Ferrous citrate Fe 59 is indicated, by intravenous administration, to determine various parameters of the kinetics of iron metabolism, including plasma iron clearance, plasma iron turnover rate, and the utilization of iron in new red blood cells. The values of serum iron obtained from these studies provide diagnostic information in patients with anemias. Ferrous citrate Fe 59 is also useful to assess the role of the spleen in red blood cell production and destruction, and thus to help determine the advisability of splenectomy.
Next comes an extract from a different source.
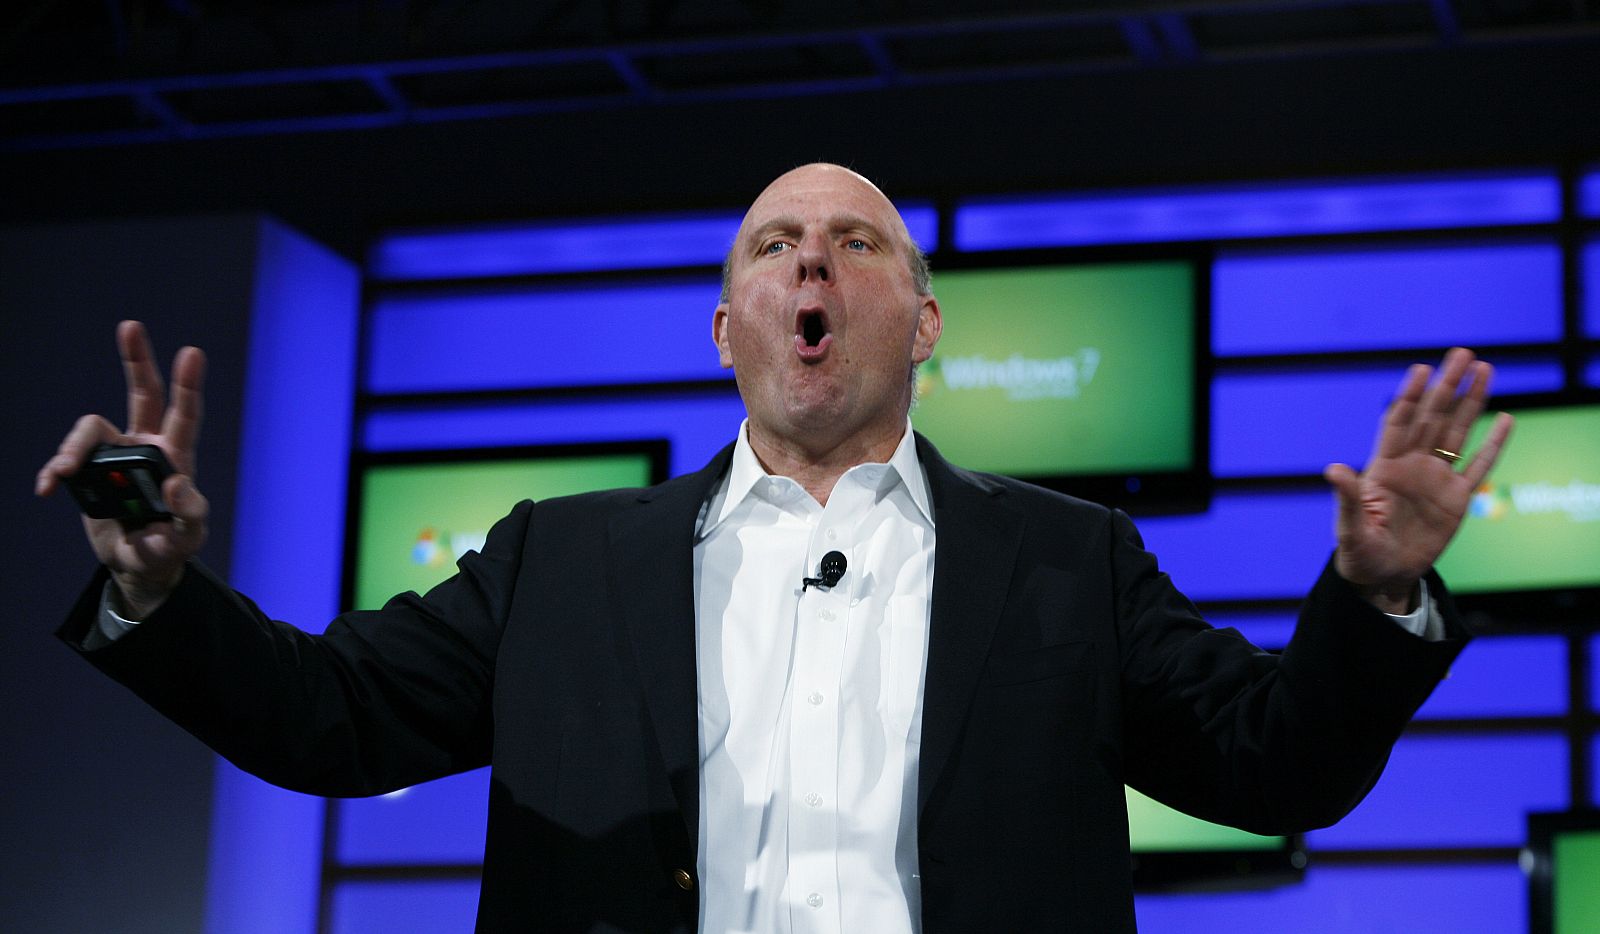 El consejero delegado de Microsoft, Steve Ballmer, durante una de las presentaciones de su compañía (Archivo)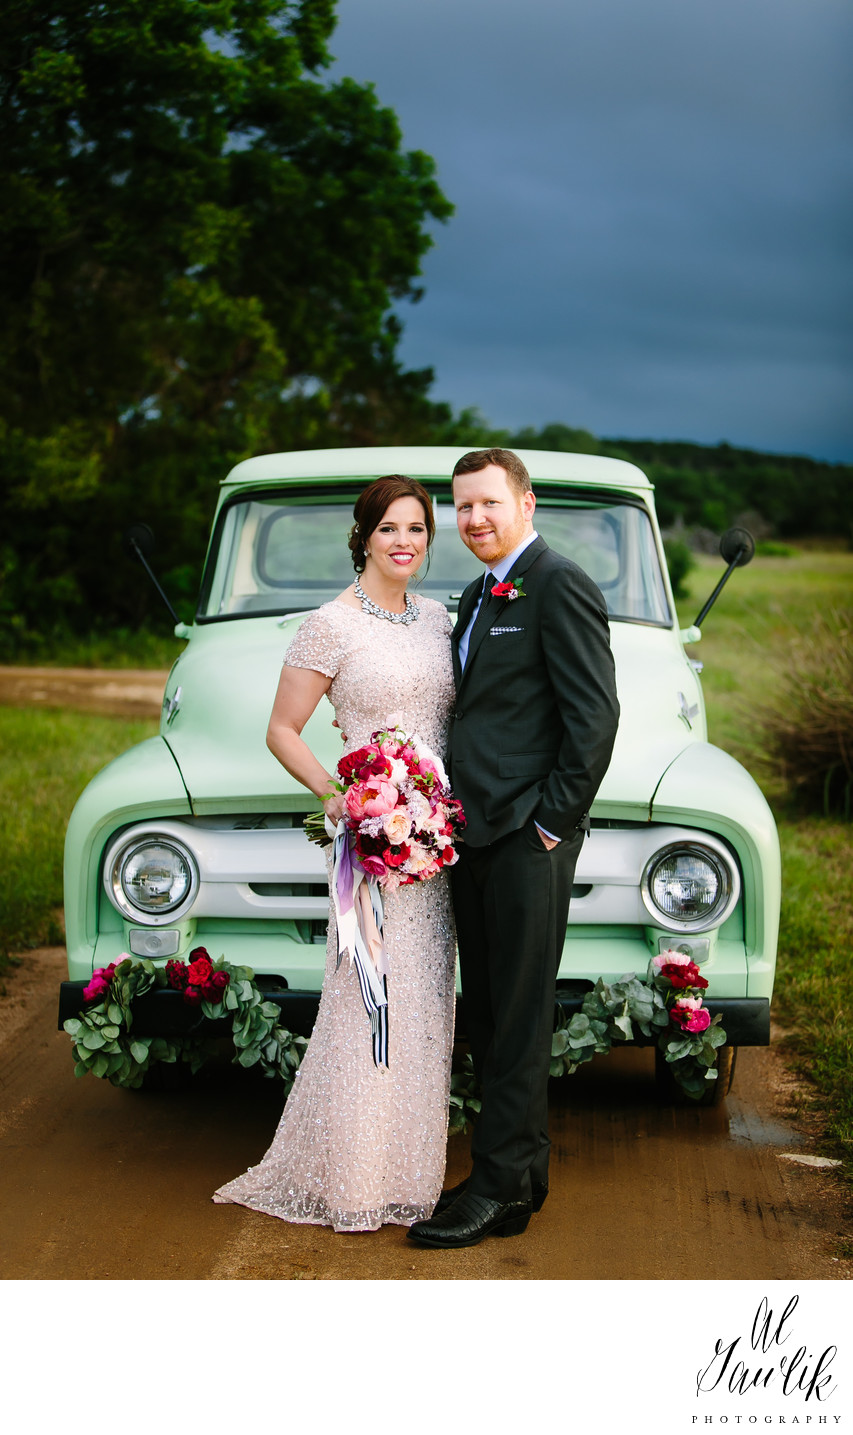 Pickup Truck, Flowers, Bride and Groom

Also, organ uptake measurements are used to measure the sites of red cell production (or lack thereof) in extramedullary erythropoiesis in myeloproliferative disorders. Iron from ferrous citrate is bound to plasma protein (transferrin) and carried to the blood-forming organs where it is utilized to form hemoglobin or is deposited in the reticuloendothelial cells of the liver and spleen. The amount of radioactive iron absorbed, transported, stored, utilized, and excreted can then be measured by the periodic collection of blood specimens and external counting.

Ethoheptazine is an analgesic, which belongs to the proheptazine group. It was used either alone (Zactane trade name) or in combination with meprobamate and aspirin (Equagesic) for the pain relief in patients with headache or musculoskeletal disorders. Currently all mediactions containing ethoheptazine are withdrawn from the market. The exact target of ethoheptazine is unknow, but it is believed that it may have modulatory effect on opioid receptors.